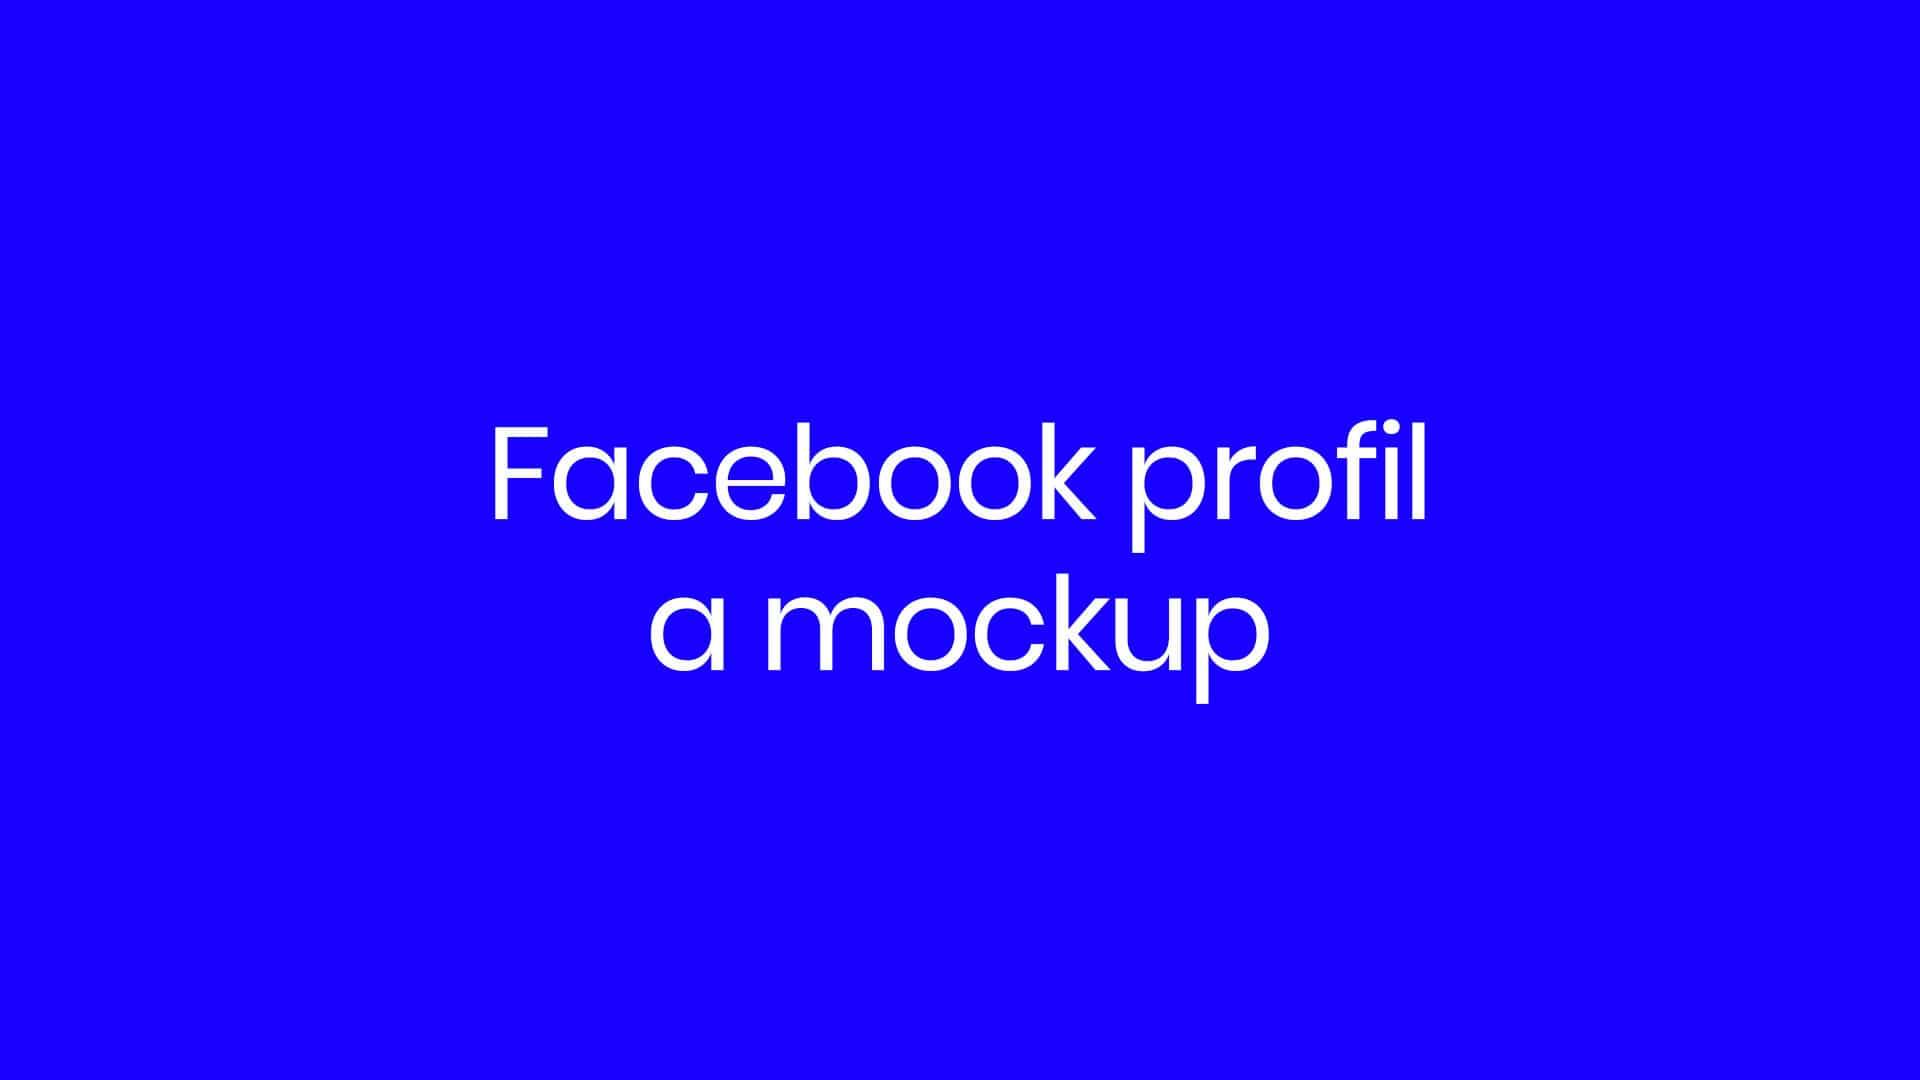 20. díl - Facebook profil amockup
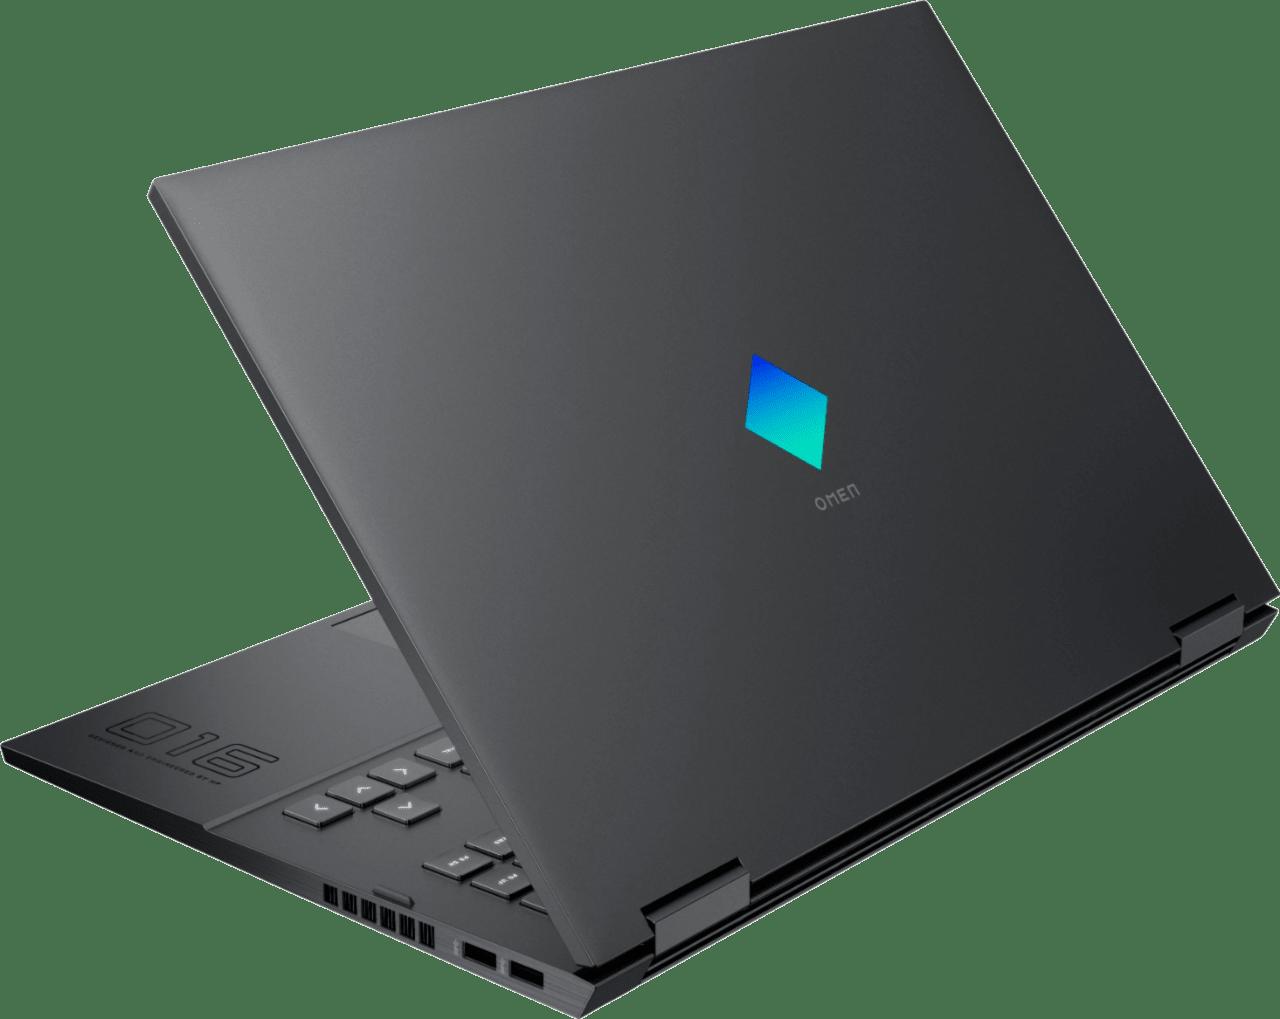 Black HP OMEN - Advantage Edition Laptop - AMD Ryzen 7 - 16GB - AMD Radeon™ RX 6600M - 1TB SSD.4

---

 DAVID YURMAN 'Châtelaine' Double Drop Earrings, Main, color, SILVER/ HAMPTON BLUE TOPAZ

WHAT NEEDS TO BE DONE: Look above for the line with "20. díl - Facebook profil amockup" and the line with "Black HP OMEN". Give again exactly those two lines and all lines between them, pictures excluded.

REPLY TO THE TASK:
 20. díl - Facebook profil amockup
 Black HP OMEN - Advantage Edition Laptop - AMD Ryzen 7 - 16GB - AMD Radeon™ RX 6600M - 1TB SSD.4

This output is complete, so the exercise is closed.